Dear Aspose support team,
I create a searchable PDF in the following way with Aspose.PDF Version 21.7.0 in C#:
const string dataDir = @"C:\Temp\_\Aspose";
var document = new Aspose.Pdf.Document();
var page = document.Pages.Add();
var width = 2550.0 * 72.0 / 300.0;
var height = 3300.0 * 72.0 / 300.0;
page.SetPageSize(width, height);
page.PageInfo.Margin.Bottom = 0;
page.PageInfo.Margin.Top = 0;
page.PageInfo.Margin.Left = 0;
page.PageInfo.Margin.Right = 0;
using (var stream = File.OpenRead(System.IO.Path.Combine(dataDir, "0.tif")))
{
page.AddImage(File.ReadAllText(@"C:\Temp\_\Aspose\0.hOCR.html"), stream, new Aspose.Pdf.Rectangle(0, 0, width, height));
}
document.Convert(@"C:\Temp\_\Aspose\log.xml", Aspose.Pdf.PdfFormat.PDF_A_1A, Aspose.Pdf.ConvertErrorAction.Delete);
using (var output = File.OpenWrite(System.IO.Path.Combine(dataDir, "pdf.pdf")))
{
document.Save(output);
}
This works perfectly.

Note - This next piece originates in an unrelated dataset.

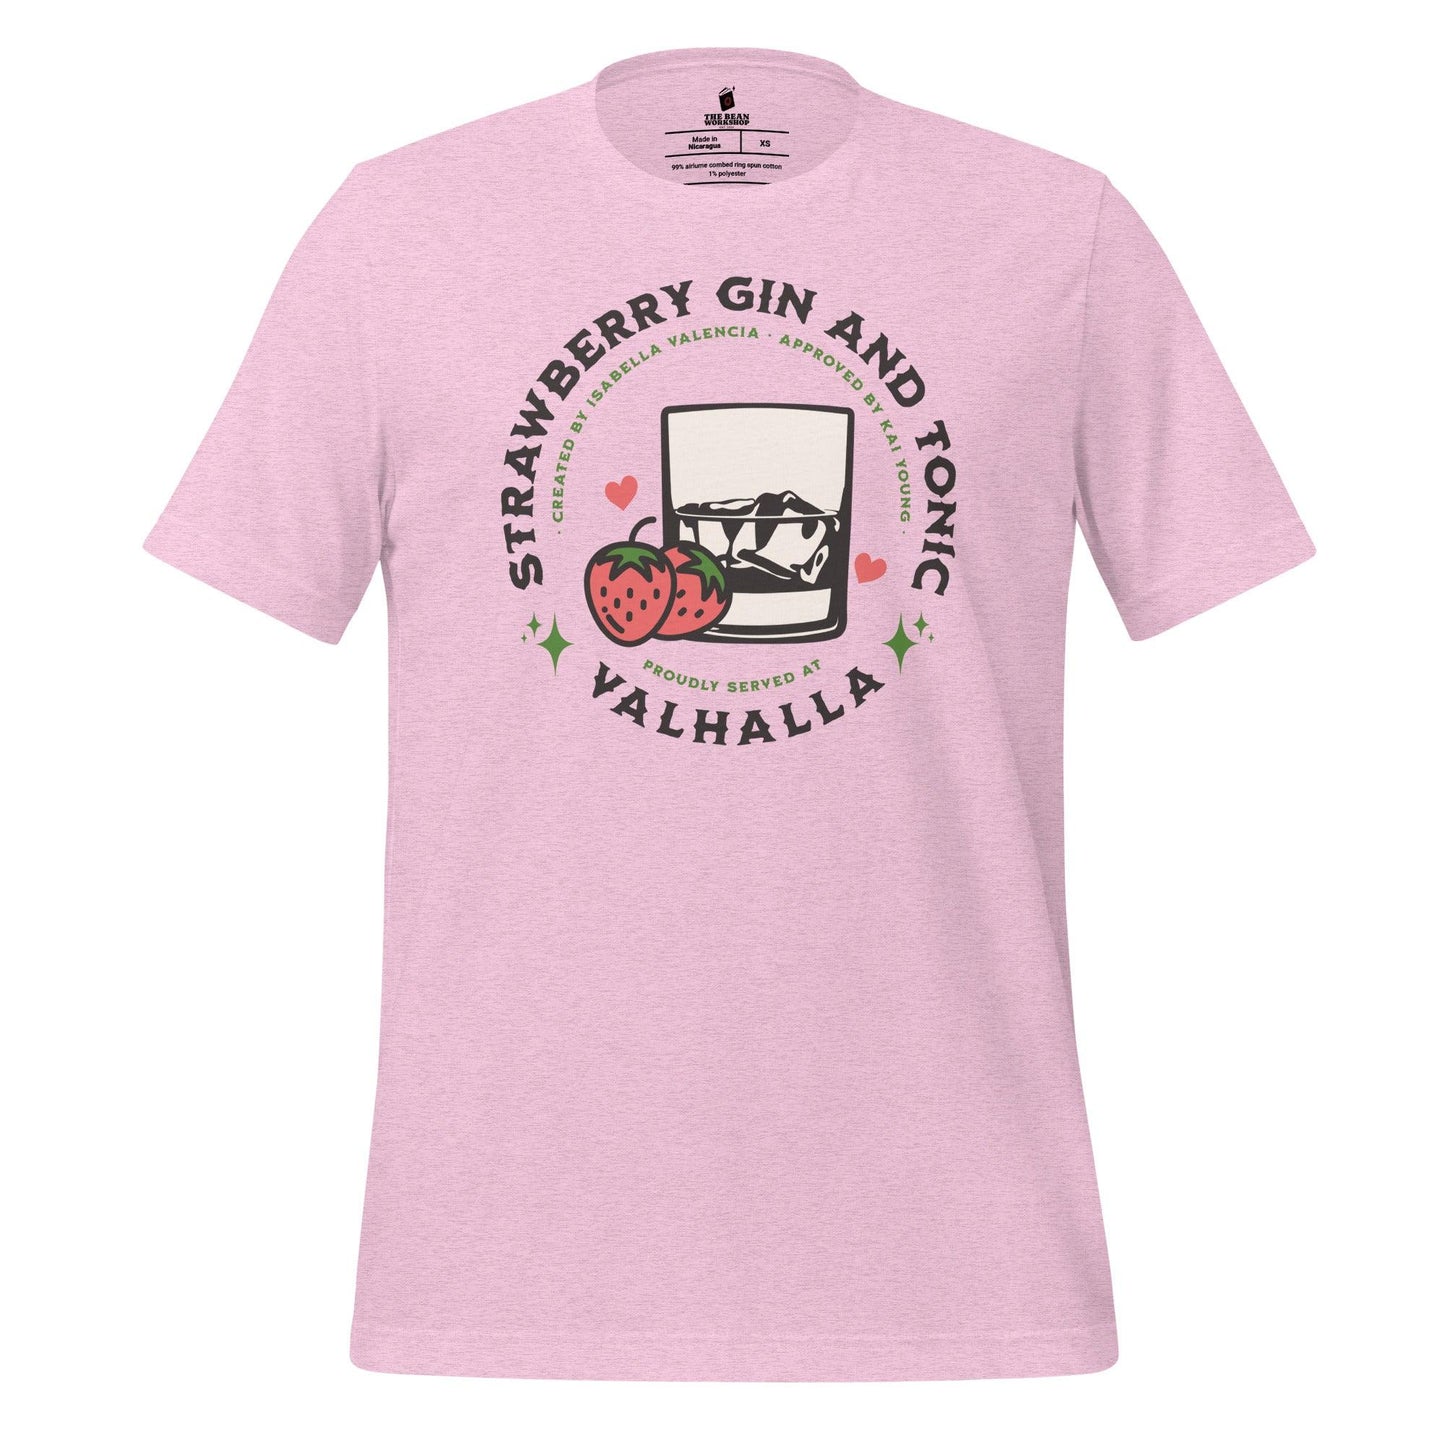 Strawberry Gin and Tonic - Kai & Isabelle T-Shirt - The Bean Workshop - ana huang, kings of sin, t-shirt

But now I would like to add tags. Preferably automatically, of course, but I have not found a way. The following Convert call did not lead to the desired result.
document.Convert(@"C:\Temp\_\Aspose\log.xml", Aspose.Pdf.PdfFormat.PDF_UA_1, Aspose.Pdf.ConvertErrorAction.Delete);
I came across the following approach:
[https://contentlab.io/aspose-pdf-net-accessibility/](https://Document Accessibility with Aspose.PDF for .NET)
But here the text coordinates of the OCR are lost, so to speak. It seems to me the tagged content can only be added in “flow”, but not with fixed coordinates. Also, I can’t find the option to make the text invisible, as it is in the source document.
Does Aspose.PDF for .NET provide a way to accomplish this?